On the item details page you could view all of the discs associated with a title, including their rental status and location within the store. You could manage those items and the title on this page, and we integrated with various external APIs to pull in additional information about the title in case a customer wanted to know more before renting.
The item details page, all item and title information in one place.
The Point of Sale (POS) component was the most complicated aspect of RentSoft. Not only did we have to calculate totals using various tax rates, but we had to tailor the checkout process to their existing processes. Examples include:
Integrating with Stripe for credit card payments was the easiest part of the POS, though we also had to upport payments in cash and by check.
The Point of Sale page where the money was made.
I can still remember laughing when Spencer explained to me how the old software handled reservations. You could only make a reservation for a specific disc rather than any disc that matched the title and format criteria. So if you made a reservation for the newest Marvel movie disc number 12345 and it was returned late, the customer would wait weeks for disc number 12345 while other discs of the same movie were sitting on shelves in the store. And to match an item to a reservation the employees had to manually consult the reservation list while checking in items, so if they saw one that was reserved they set it aside.

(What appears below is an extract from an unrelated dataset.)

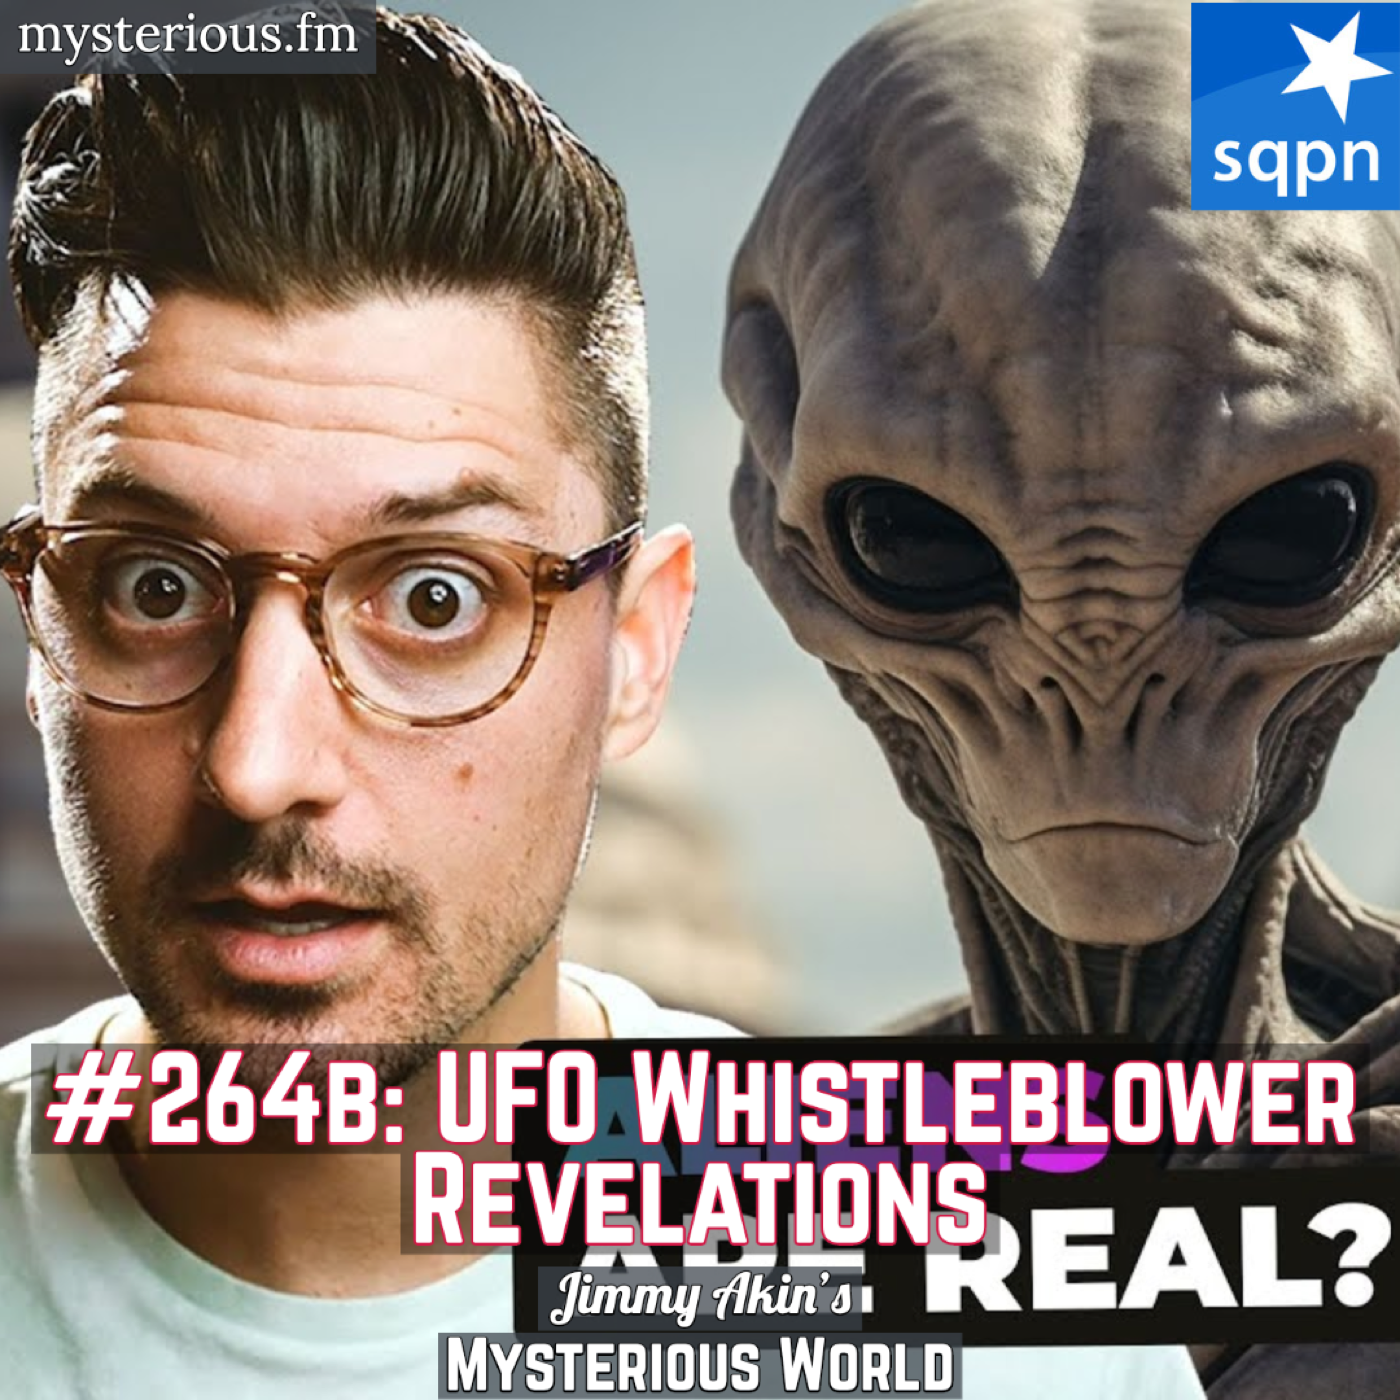 UFO Whistleblower Revelations

We made sure to structure our database in a way that you could make a reservation for a title (i.e. Iron Man 2) and that reservation could be fulfilled by any Iron Man 2 disc. And when a matching item was returned, it was automatically assigned to a pending reservation and if you tried to rent it to anyone other than the account with the reservation you were denied.
In addition to showing reservations, the reports component displayed a list of various custom reports used by the business. Some of them were financial reports for end of month sales tracking, and others were used day-to-day in various processes.
The reservations report that showed all future reservations.
We were also asked to create a new customer facing website that could tie into RentSoft and allow future improvements to give customers control over their account online. The two features they wanted initially was the ability for customers to search for an item and the ability to display recently added items.
Customers could go to the Top Hat website and search for items before coming into the store.
Customers could view items that have been recently added to the Top Hat library.
Building software from scratch for a business that was going to be entirely dependent on us was a daunting task. The stakes were much higher than with The Campus Market, and the lessons learned were very different.
Just because something has been done that way in the past doesn’t mean it’s the best way to do it now.
Don’t start by building something complex, start simple and then build up from there (easier said than done).
Make sure everyone understands the vision, engineers make much better technical decisions when they have context.
Don't forget to plan for the data migration!
Stakeholder/Business Management is always harder than I want it to be.
Top Hat was in business for 40 years, but eventually closed its doors in 2023.
The improvements we made to their business processes, and the money we saved them on credit card transaction fees likely prolonged Top Hat's life by at least a few years. But as they say, all good things must come to an end.
We got a check every month from Top Hat, but the amount of money we made pales in comparison to the hours we put into building RentSoft. We started with ambitious plans: after building a proof of concept and using Top Hat as our pilot store, we aimed to expand to other industries such as heavy equipment rentals, libraries, tool rentals, etc. But life got in the way, and by the time Top Hat was closing its doors we decided we didn't want to pursue the idea further.